O McLuhan afirmou há tempos que “o meio é a mensagem” e acertou. Só que os tempos mudaram e hoje o meio é também quem recebe a mensagem. Isso porque, o cara do outro lado da tela é quem define o que quer, gera conteúdo e muda totalmente a mídia. Claro que os novos meios nasceram na geração Y, prontos para essa realidade. Mas e a mídia tradicional? Morreu?

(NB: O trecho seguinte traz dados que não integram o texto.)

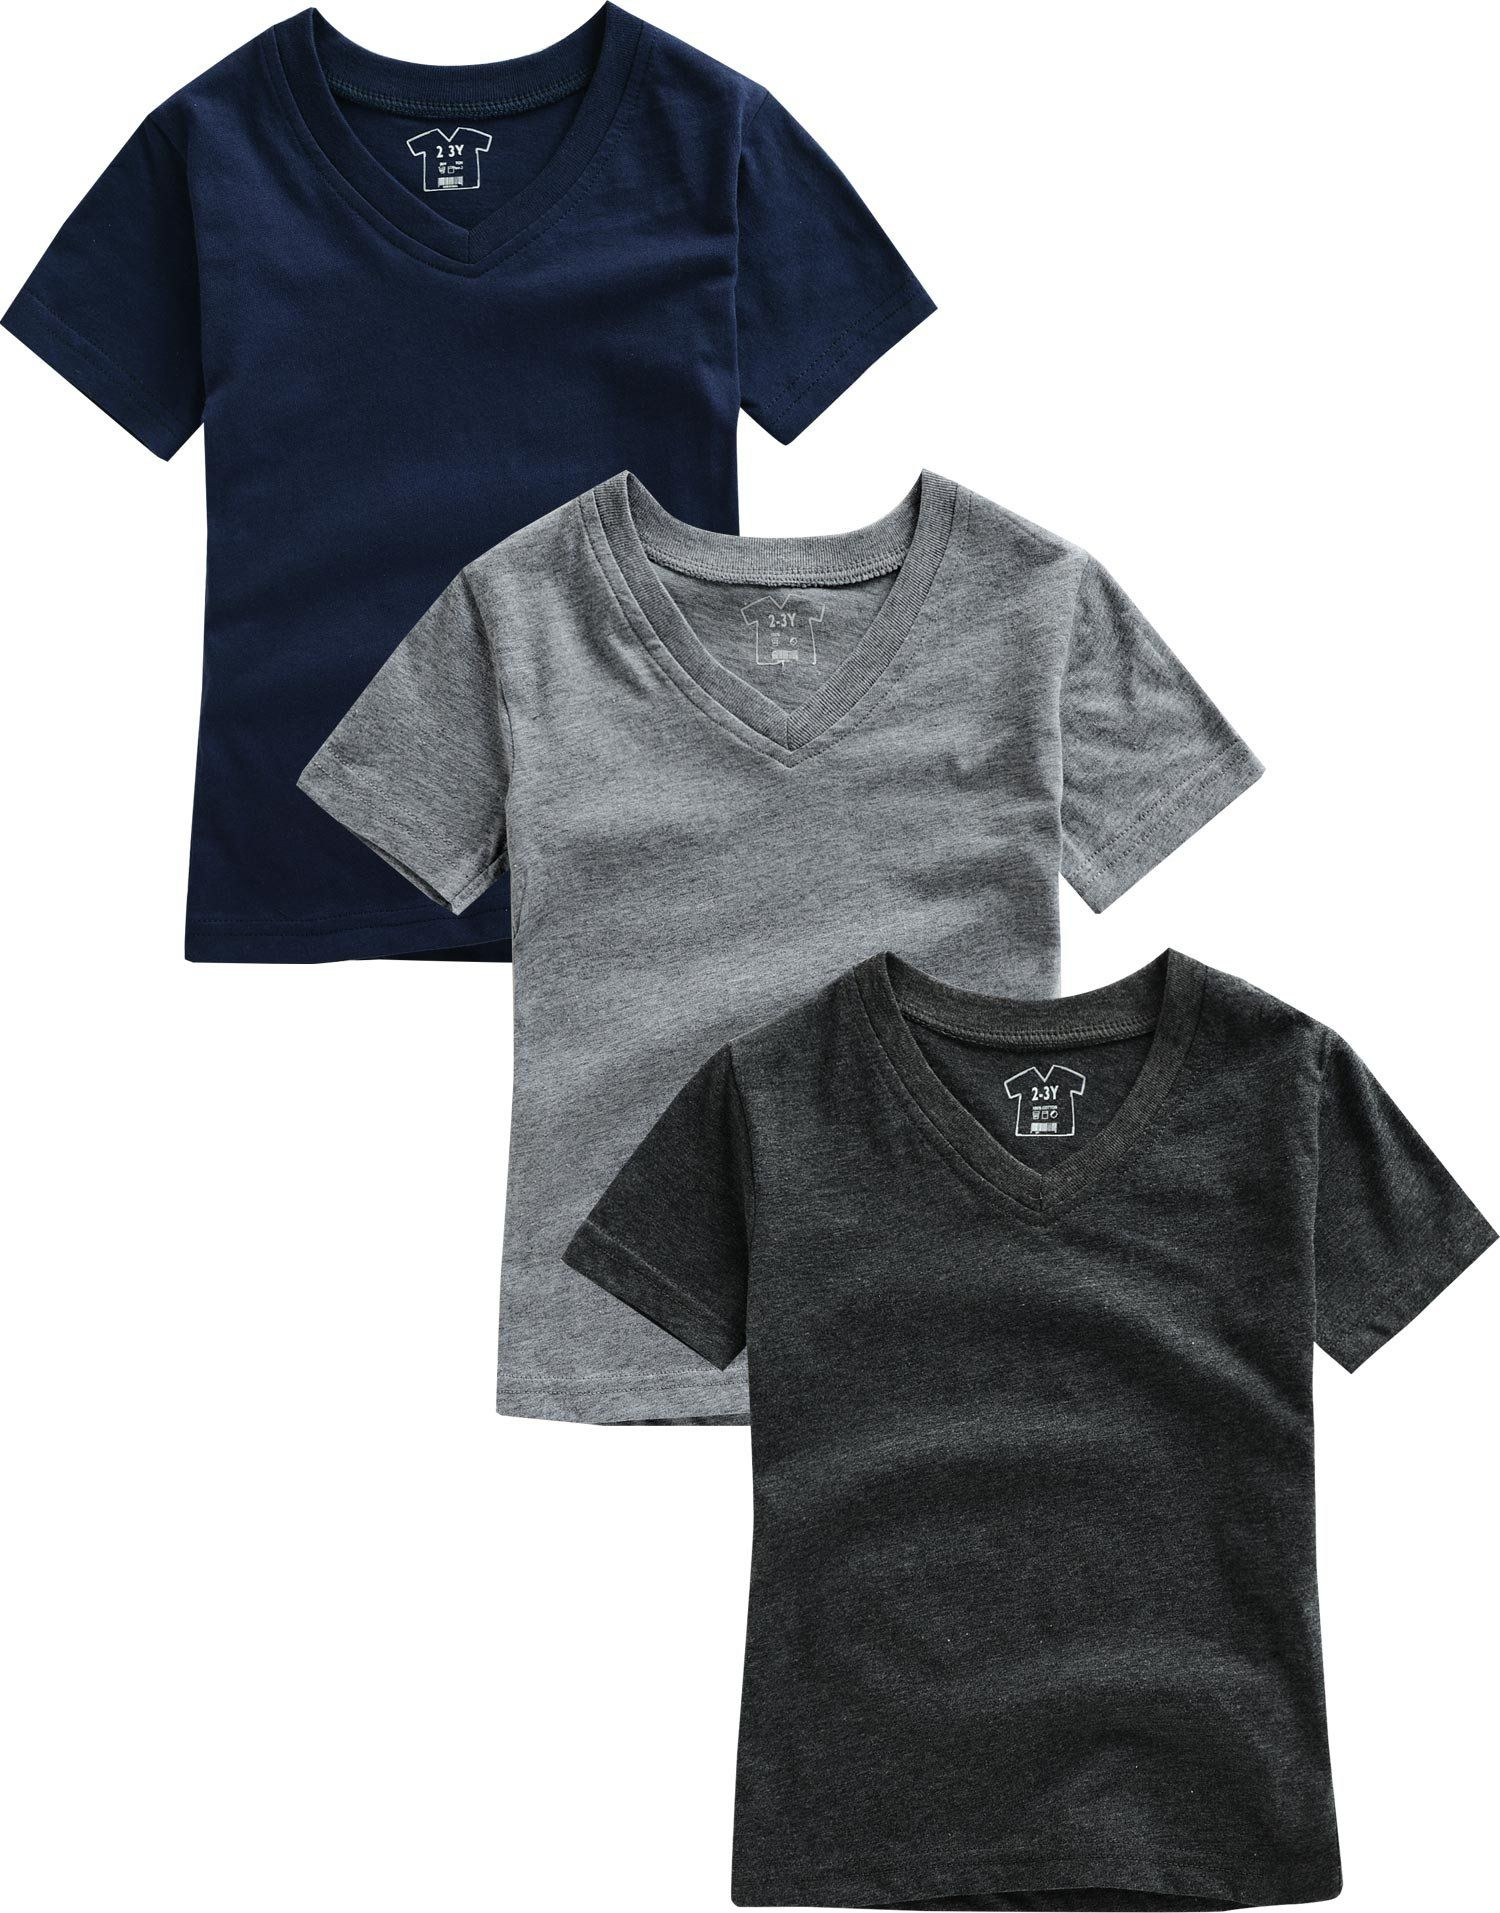 Vaenait baby 3 Pack 2T-7T Boys Short Sleeve V-Neck Basic Tee T-Shirts
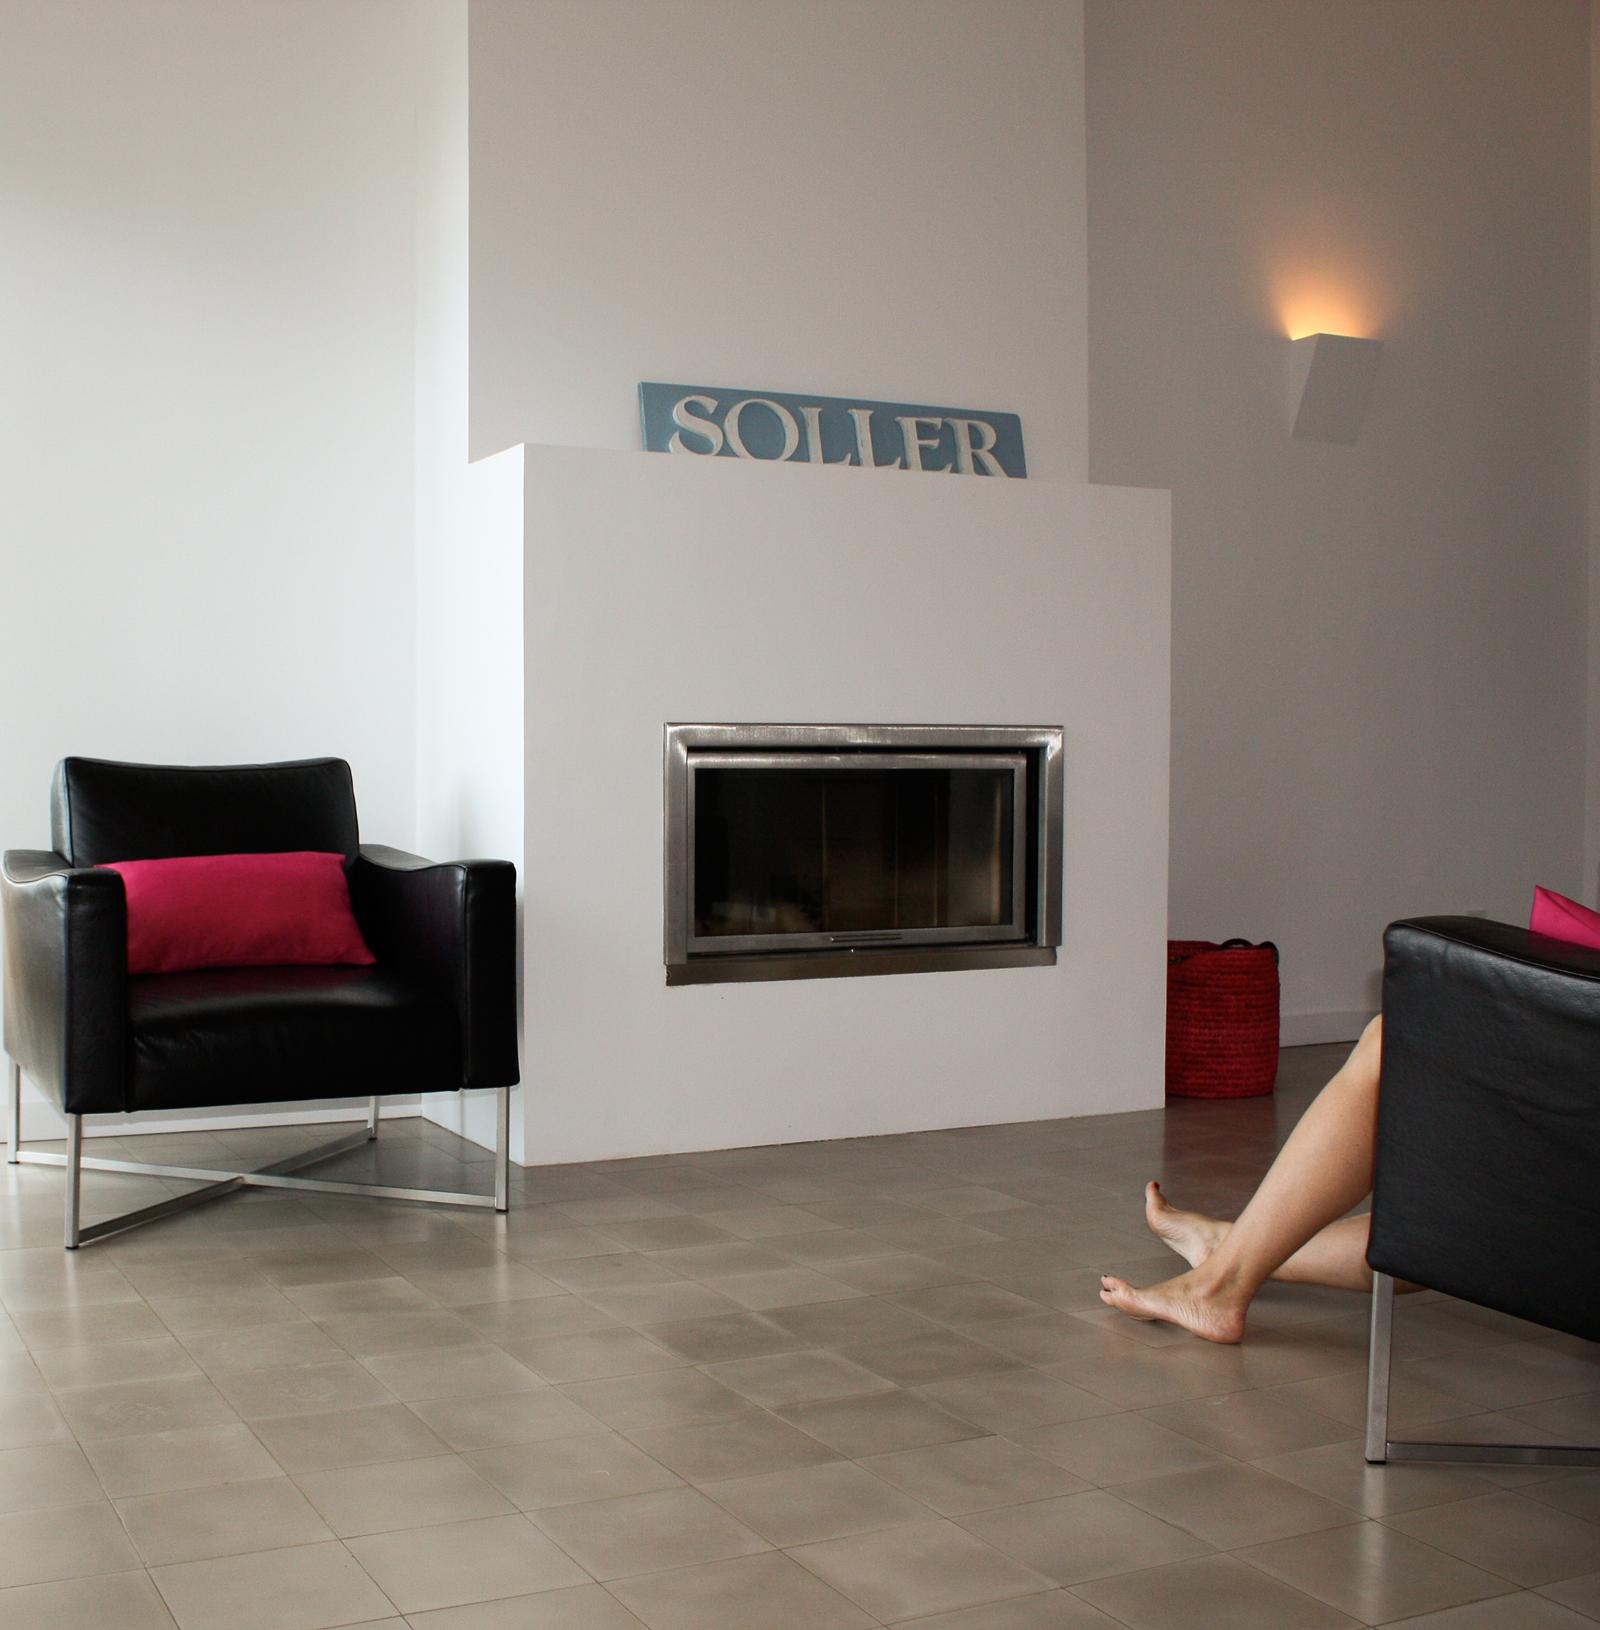 zementfliesen-terrazzofliesen-kreidefarbe-terrazzo-fugenlos-viaplatten-54-kamin | 54
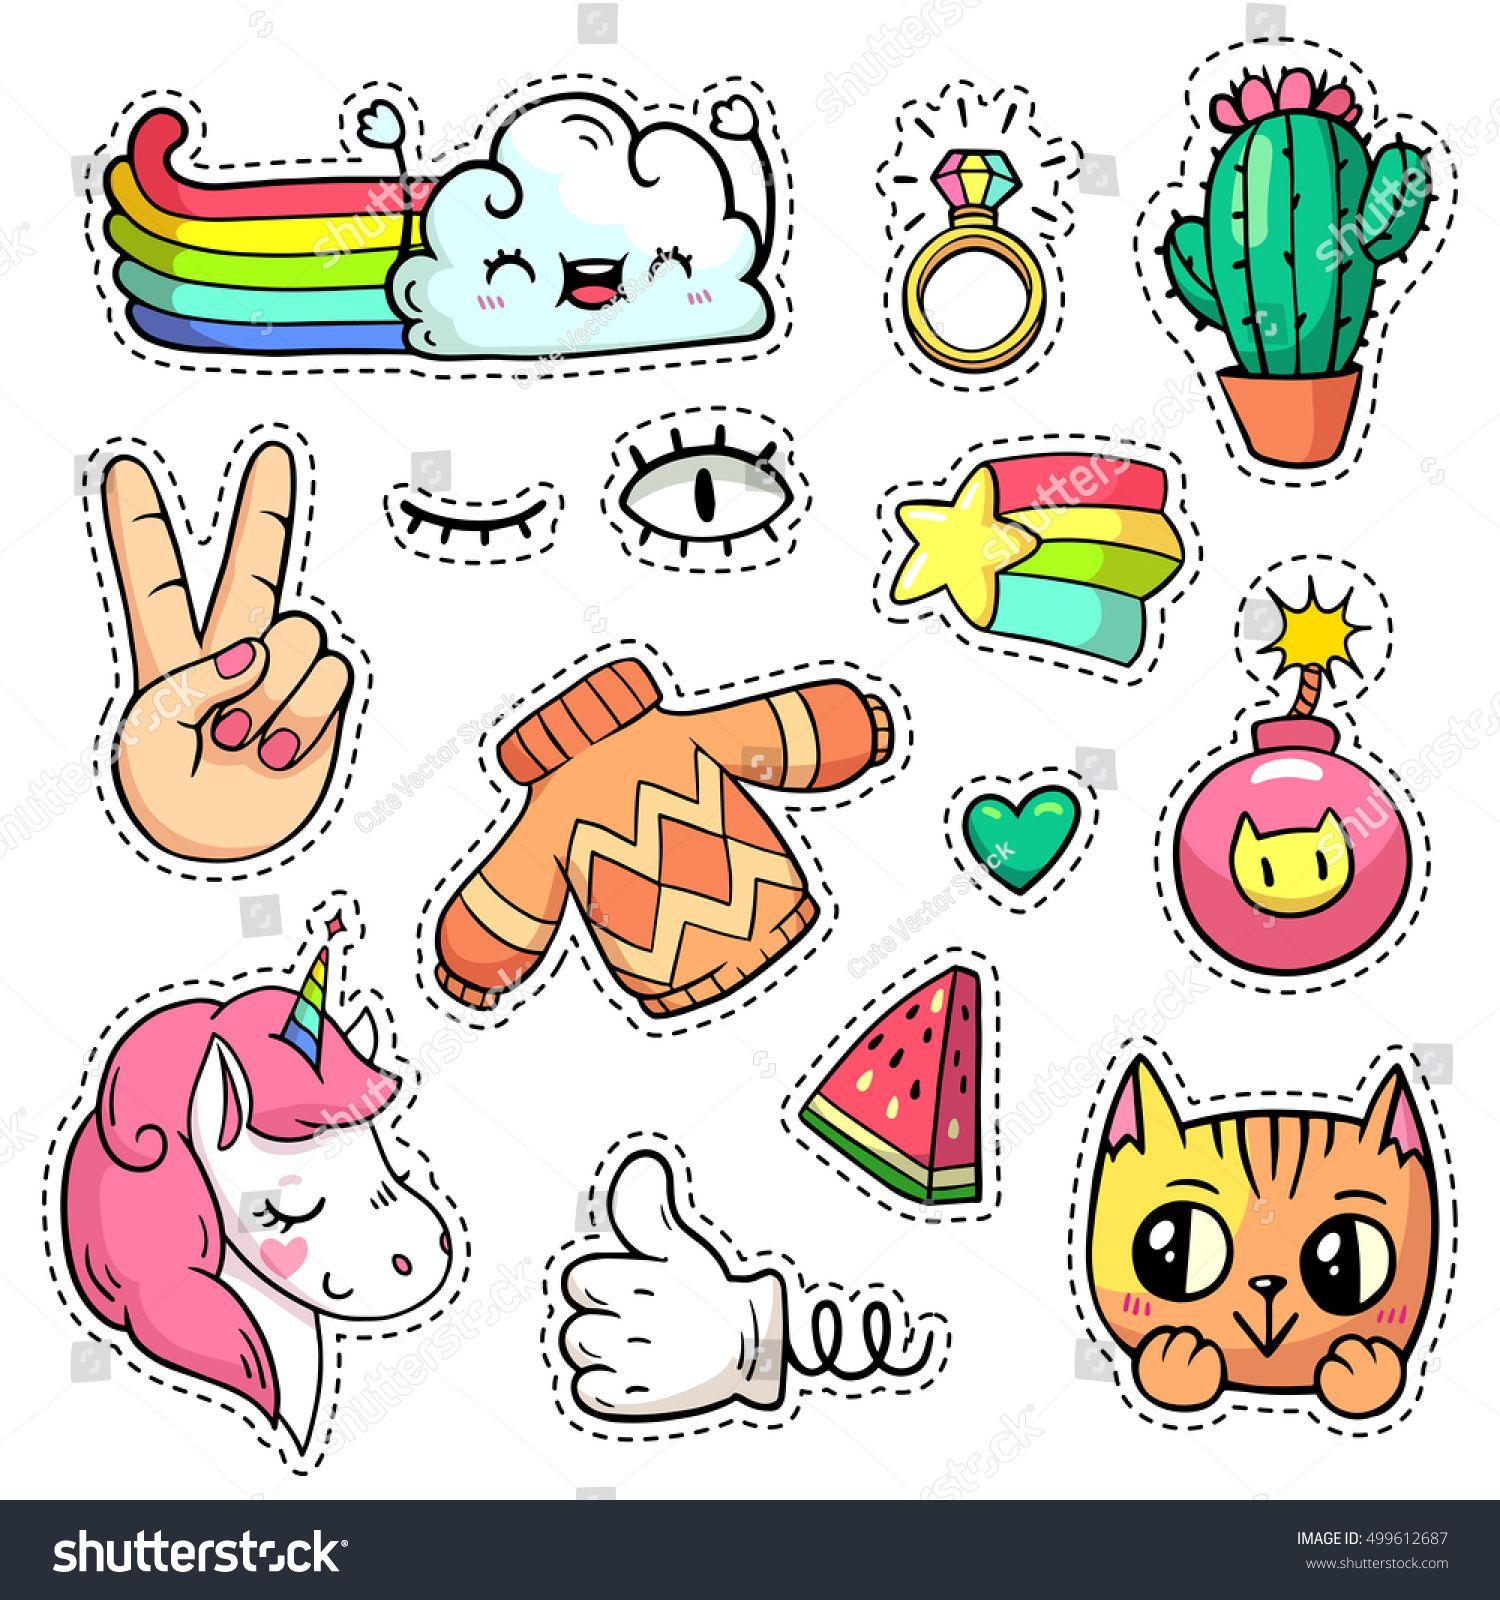 imagens de sorvetes kawaii para colorir

Não! Pelo contrário, ela tem mostrado uma grande força e capacidade de adaptação. Ela cumpre seu papel e, quanto menor o preconceito de misturá-las com as novidades, melhor é o resultado. Portanto, queridos meios tradicionais, não resistam, pois a convergência chegou. De acordo com o Henry Jenkins esta é o reflexo de um processo tecnológico que une funções dentro de um mesmo meio. Isso determina uma transformação cultural na medida em que os receptores são obrigados a buscar informações em diversas fontes que, por sua vez, têm diferentes características. A conexão entre estas informações ocorrem, após interatividade e participação do indivíduo com o meio, na mente do próprio sujeito. Entretanto, os sujeitos conversam, fofocam e trocam experiências entre si.
jornalA sociedade se comunica e esse bate papo todo faz surgir um novo poder dentro do âmbito midiático: o poder coletivo. Isso porque o consumo da mídia hoje é um processo que ocorre de forma coletiva na sociedade, criando uma inteligência também coletiva, já citada pelo Pierre Lévy. Essa realidade transforma a relação entre receptores e meios de comunicação e o papel dos profissionais de mídia é entender essa nova realidade para poder adaptar seu planejamento para alcançar os objetivos de marketing propostos por agências e anunciantes.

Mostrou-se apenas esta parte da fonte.